BIMS: FAQ and Troubleshooting


How do I search data?

How do I view/edit data in a program?

How do I import data?

How do I manage Field Book trait and field files with BIMS?

How do I create a new breeding program?


Section Problem Solution
General I have selected a crop and program, but do not see any options under Manage Breeding and other BIMS sections. Please refresh the page in your internet browser.
  I still have problems with viewing BIMS information, even after refreshing the page. Please clear the cached images/files, cookies, and hosted app data from your internet browser's history.  You will have to log back into BIMS and reopen your program.
Data Import/Field Book Management My data upload failed. Please make sure that the upload didn't fail due to data errors or typos first by looking at the error logs (see Importing Data section for more details).  If you need help, contact us.
  Even after I changed the max/min value of the trait descriptor in the template, BIMS still give an error saying that I have data outside the acceptable range. Once your descriptor has been loaded, you have to edit the the descriptor data in BIMS, not in template (go to Manage Breeding, Trait, choose the trait and click 'Edit' .)
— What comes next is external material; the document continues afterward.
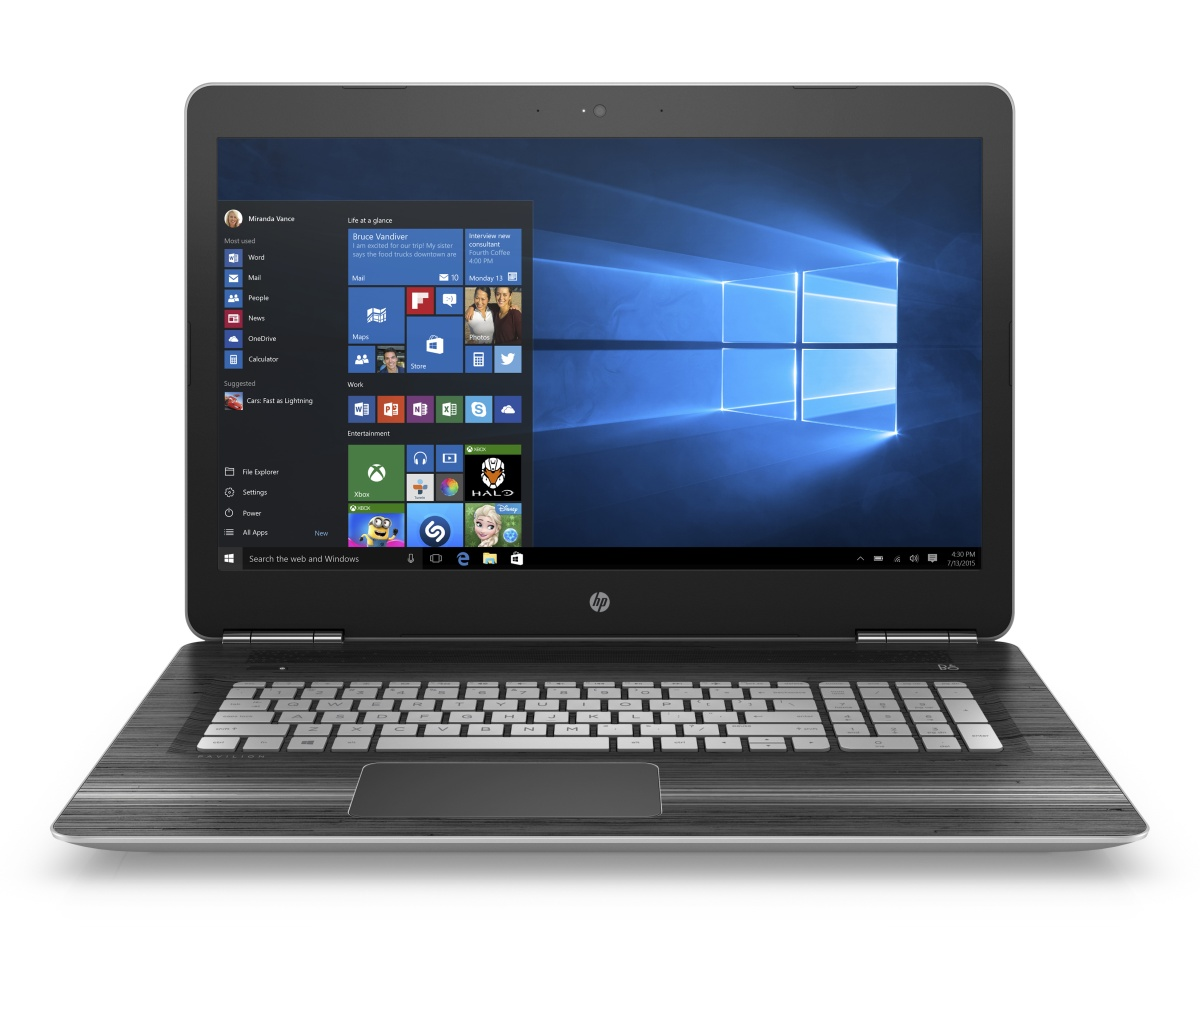 "HP Pavilion gaming 17-ab202nc/Intel i7-7700HQ/16GB/256 GB SSD + 1TB/DVDRW/ GTX 1050 4GB/17,3"" UHD/Win 10/stříbrná"

What do the errors below mean?

The required column (unique_id) is missing
The required column (primary_order) is missing
The required column (secondary_order) is missing

BIMS allows you to change the column names in the template for 'accession_id', 'unique_id', 'primary_order', and 'secondary_order'. You get this type of error when the column names in your template do not match the ones in BIMS. Once you change it in BIMS, the templates downloaded from BIMS also changes. Please refer to Figure 26B in the manual.
  The output from Field Book Management - Generate input file (Field) - Cross option doesn't seem correct. Please check your file if it's in the order of cross name, row and the number of progeny for each row that you will plant. In this file, the order of the columns is important, not the column head. Please refer to Figure 30A in the manual.
Search I can't download my file. Please make sure that you allow pop-ups on your browser. Please refer to how to allow pop ups on chromeon firefoxon internet explorer.